I'm working on the patches for this now. As I mentioned I only really
see 2, maybe 3 total changes.
1. area->nr_free -> area->nr_freed - area->nr_bound
2. Buddy -> Buddy & Offline, free "Offline" to tail.
3. alloc_non-offline

I'll elaborate more on the last two below.

> >
> > In addition we will need some way to identify which pages have been
> > hinted on and which have not. The way I believe easiest to do this
> > would be to overload the PageType value so that we could essentially
> > have two values for "Buddy" pages. We would have our standard "Buddy"
> > pages, and "Buddy" pages that also have the "Offline" value set in the
> > PageType field. Tracking the Online vs Offline pages this way would
> > actually allow us to do this with almost no overhead as the mapcount
> > value is already being reset to clear the "Buddy" flag so adding a
> > "Offline" flag to this clearing should come at no additional cost.
>
> Just nothing here that this will require modifications to kdump
> (makedumpfile to be precise and the vmcore information exposed from the
> kernel), as kdump only checks for the the actual mapcount value to
> detect buddy and offline pages (to exclude them from dumps), they are
> not treated as flags.
>
> For now, any mapcount values are really only separate values, meaning
> not the separate bits are of interest, like flags would be. Reusing
> other flags would make our life a lot easier. E.g. PG_young or so. But
> clearing of these is then the problematic part.
>
> Of course we could use in the kernel two values, Buddy and BuddyOffline.
> But then we have to check for two different values whenever we want to
> identify a buddy page in the kernel.

Actually this may not be working the way you think it is working.
Below is the PageType code:
#define PAGE_TYPE_BASE 0xf0000000
/* Reserve 0x0000007f to catch underflows of page_mapcount */
#define PAGE_MAPCOUNT_RESERVE -128
#define PG_buddy 0x00000080
#define PG_offline 0x00000100
#define PG_kmemcg 0x00000200
#define PG_table 0x00000400

#define PageType(page, flag) \
((page->page_type & (PAGE_TYPE_BASE | flag)) == PAGE_TYPE_BASE)

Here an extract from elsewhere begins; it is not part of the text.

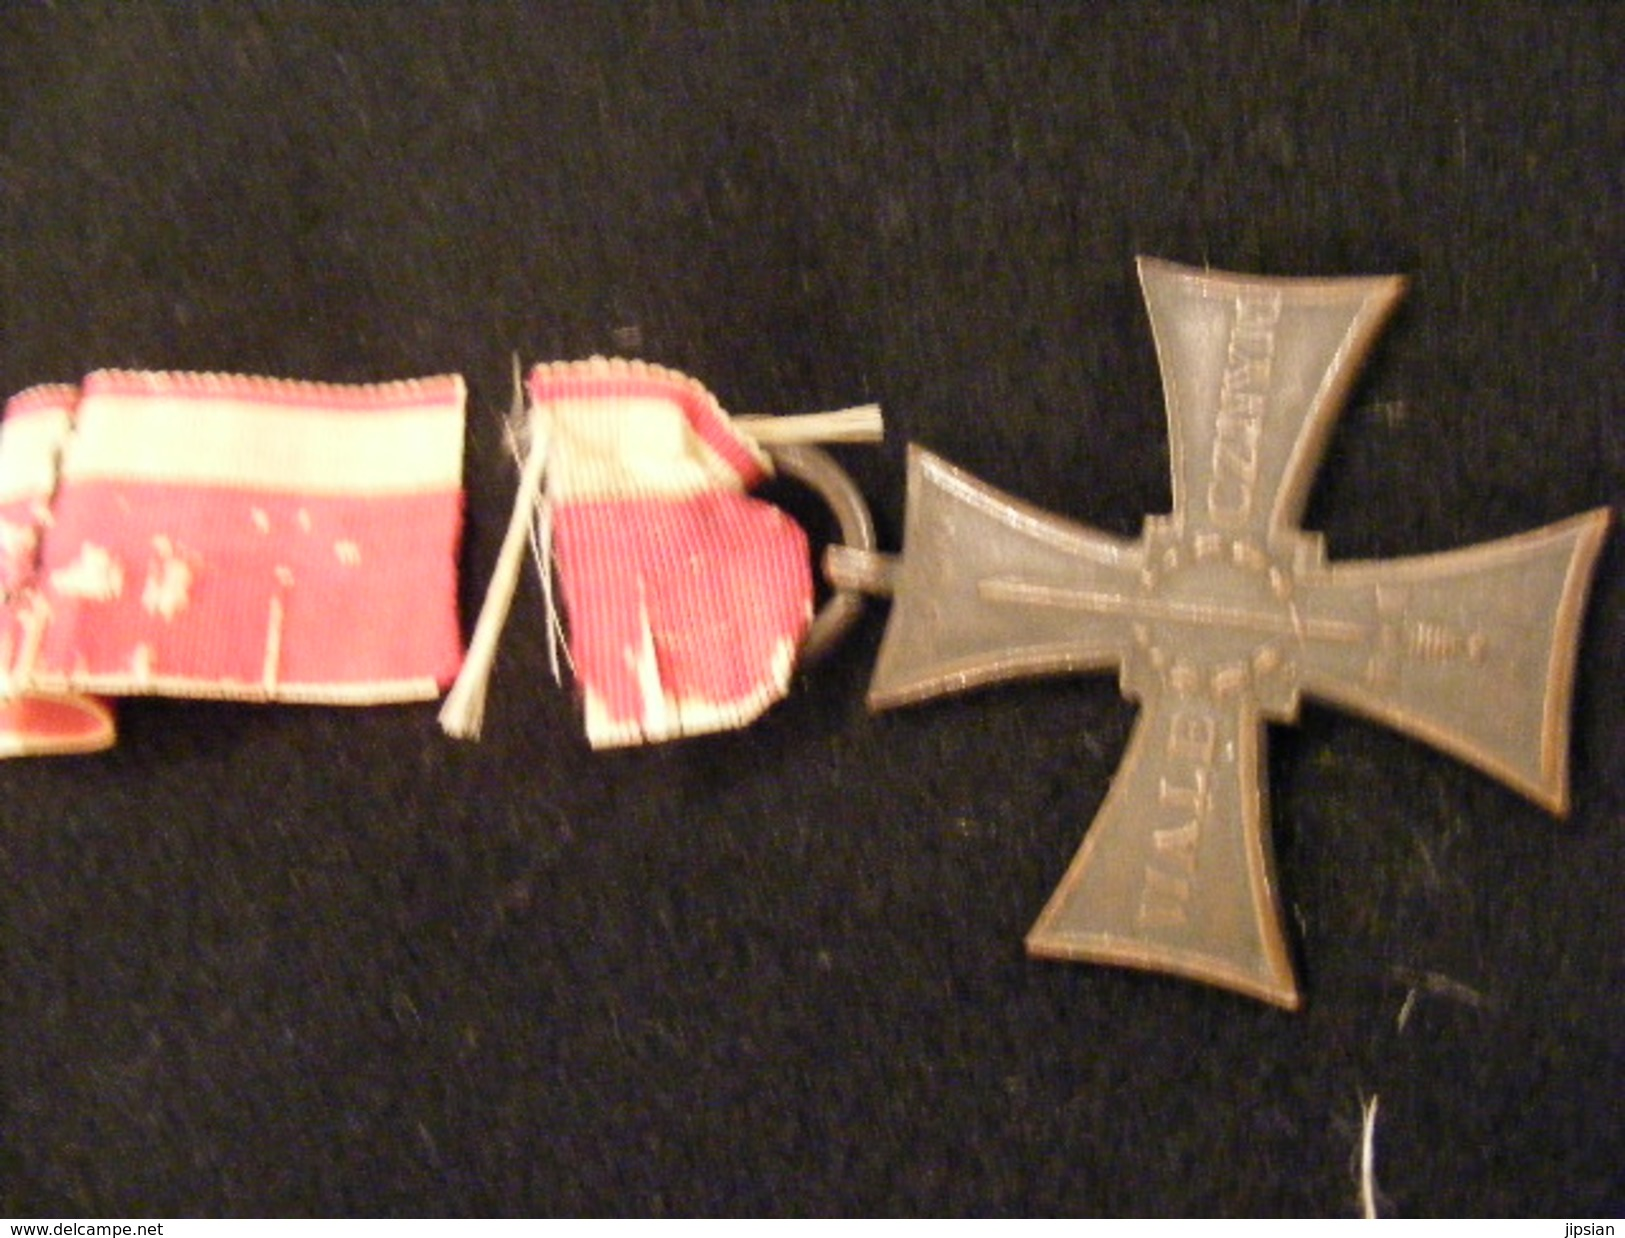 Ancienne Médaille NA 1920 Polu Chwaly - Wale Cznym N° 16279 Ordre Polonais Armée  Ins6 - Médailles & Décorations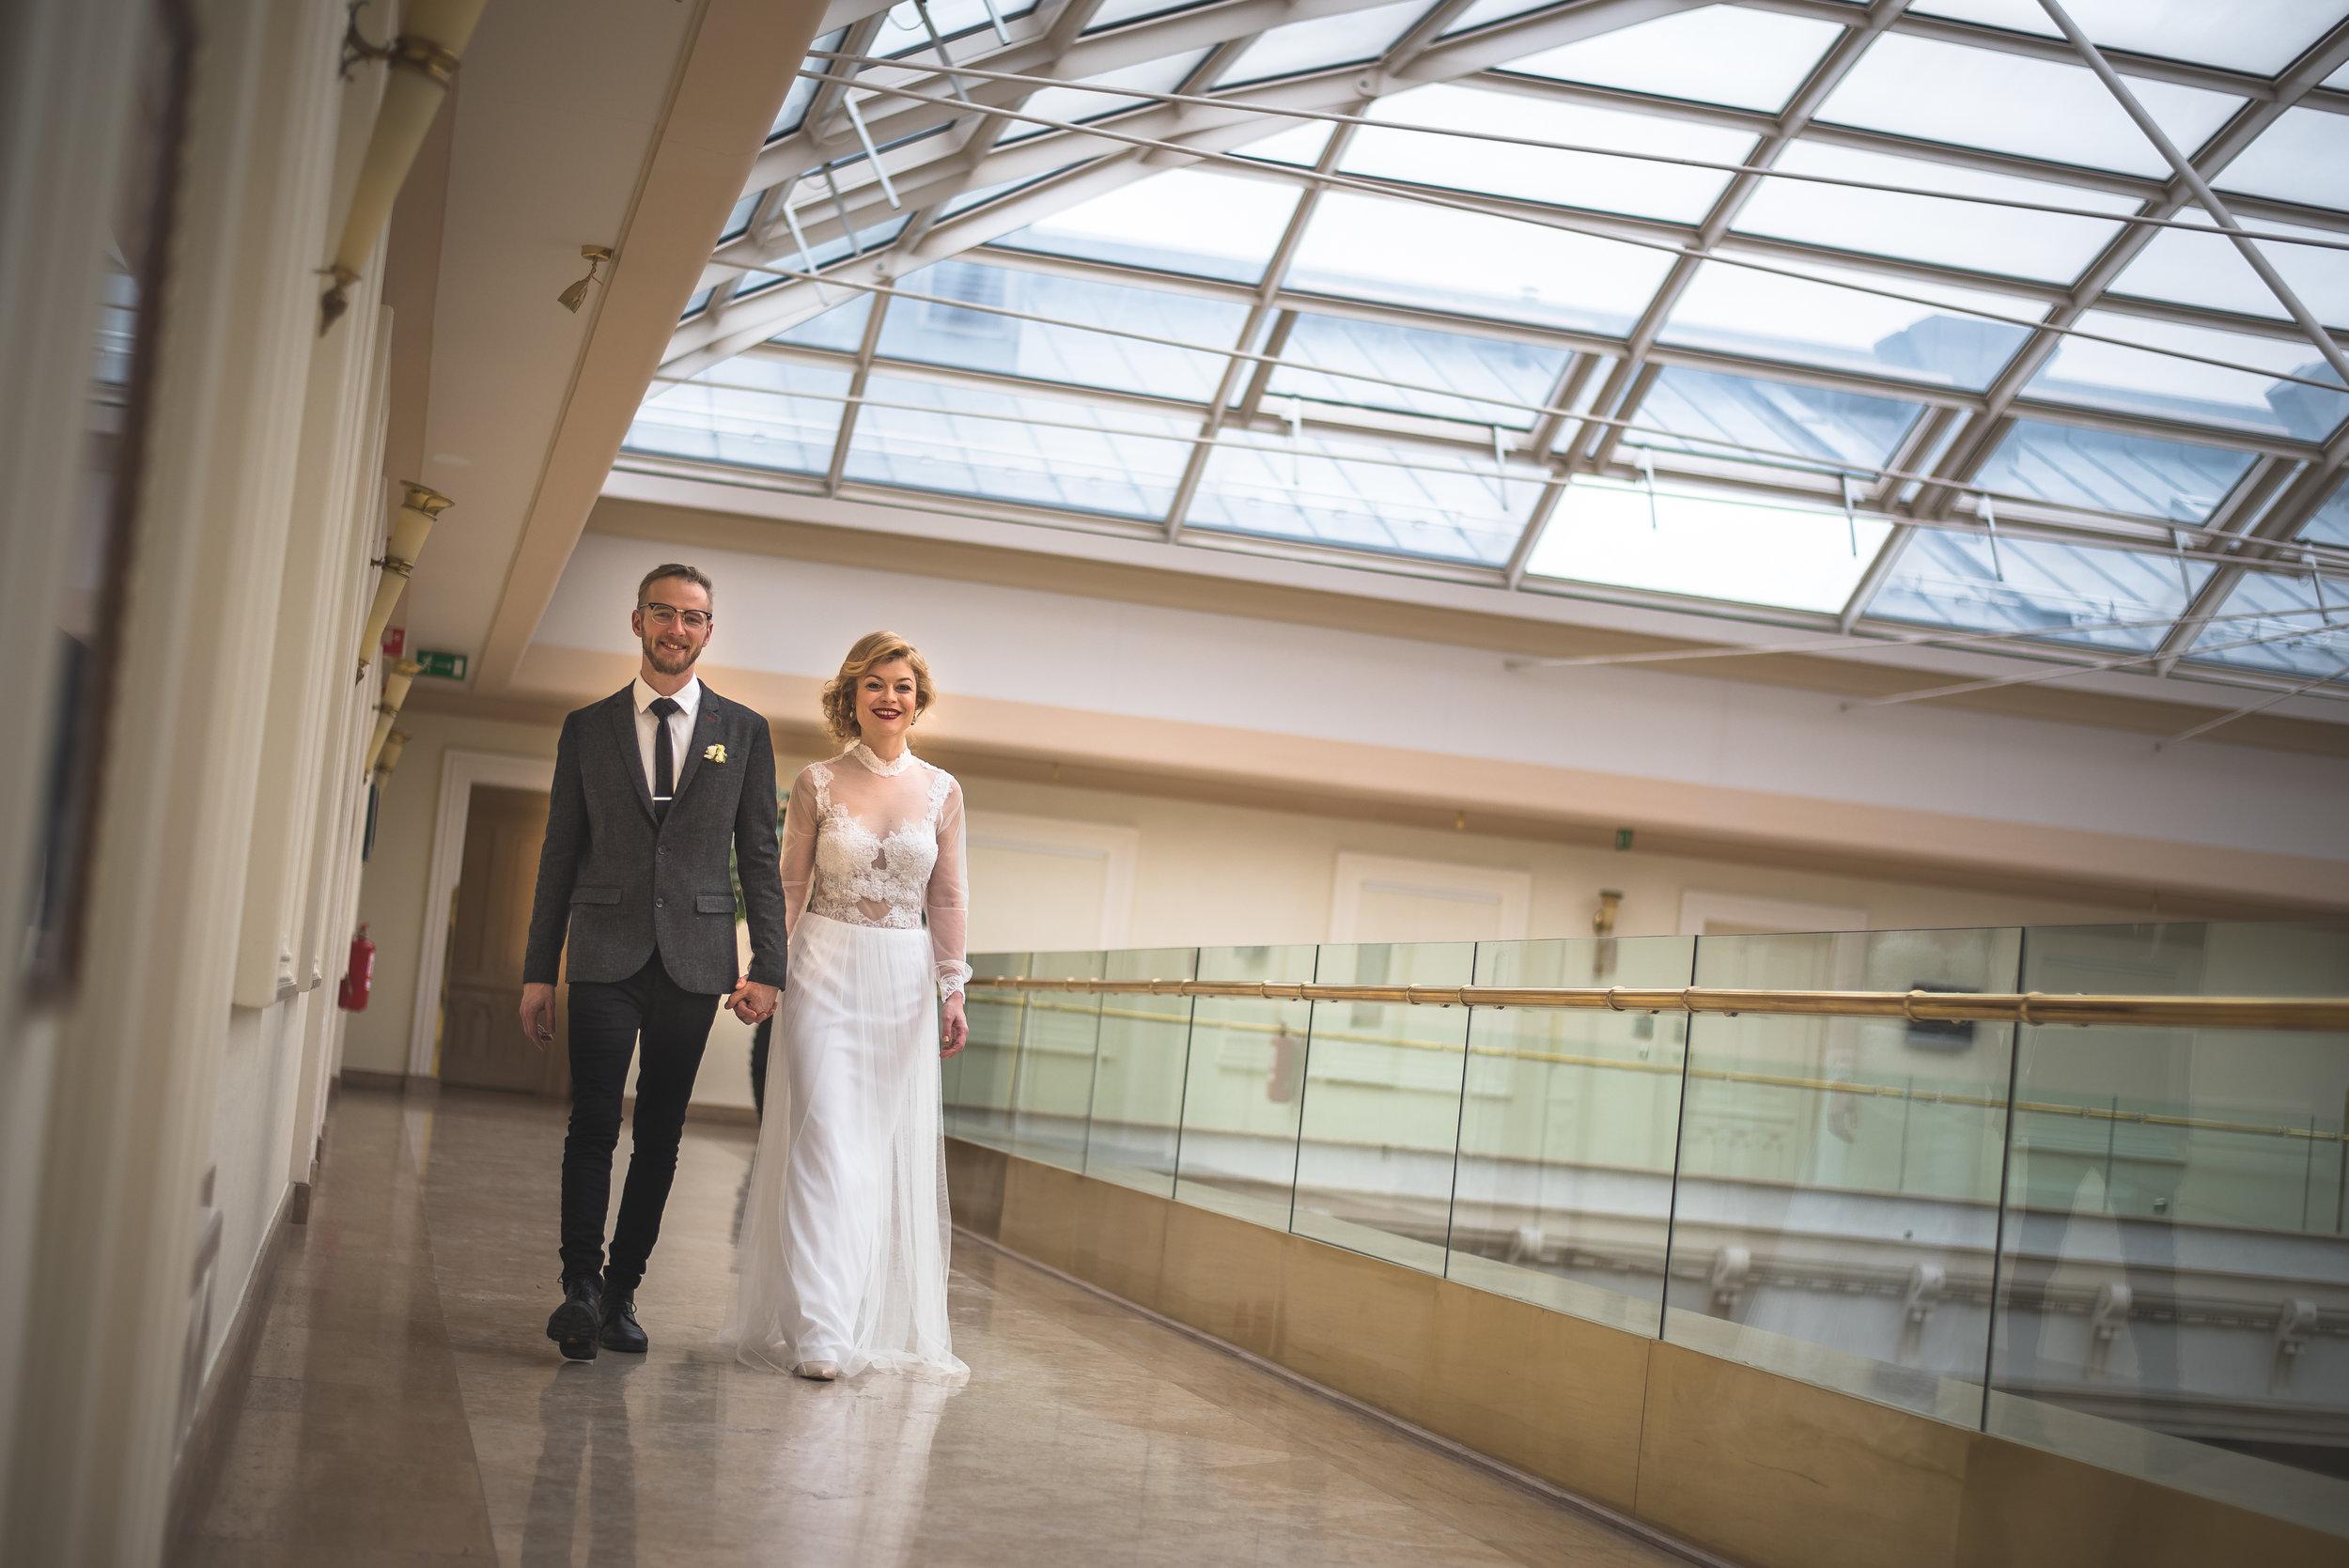 BrideGroomPhotos-8.jpg

If I am reading this correctly when you are testing for the "Buddy"
page type all you are doing is something like:
        page_type & 0xf0000080 = 0xf0000000;

This should work if mapcount is 0xfffffe7f or 0xffffff7f. So if I have
added "Online" to it the value the result will not have changed since
all adding a type really does is clear an additional bit in the
mapcount.

The only real issue I see is in __ClearPage##uname as it requires that
the bit be set when we are clearing it. For now I am just creating
another macro called "__ResetPage##uname" that uses the same test as
the set and then does an "|=" with the bit, and then using that to
reset the "Offline" value.

> >
> > Lastly we would need to create a specialized function for allocating
> > the non-"Offline" pages, and to tweak __free_one_page to tail enqueue
> > "Offline" pages. I'm thinking the alloc function it would look
> > something like __rmqueue_smallest but without the "expand" and needing
> > to modify the !page check to also include a check to verify the page
> > is not "Offline". As far as the changes to __free_one_page it would be
> > a 2 line change to test for the PageType being offline, and if it is
> > to call add_to_free_area_tail instead of add_to_free_area.
>
> As already mentioned, there might be scenarios where the additional
> hinting thread might consume too much CPU cycles, especially if there is
> little guest activity any you mostly spend time scanning a handful of
> free pages and reporting them. I wonder if we can somehow limit the
> amount of wakeups/scans for a given period to mitigate this issue.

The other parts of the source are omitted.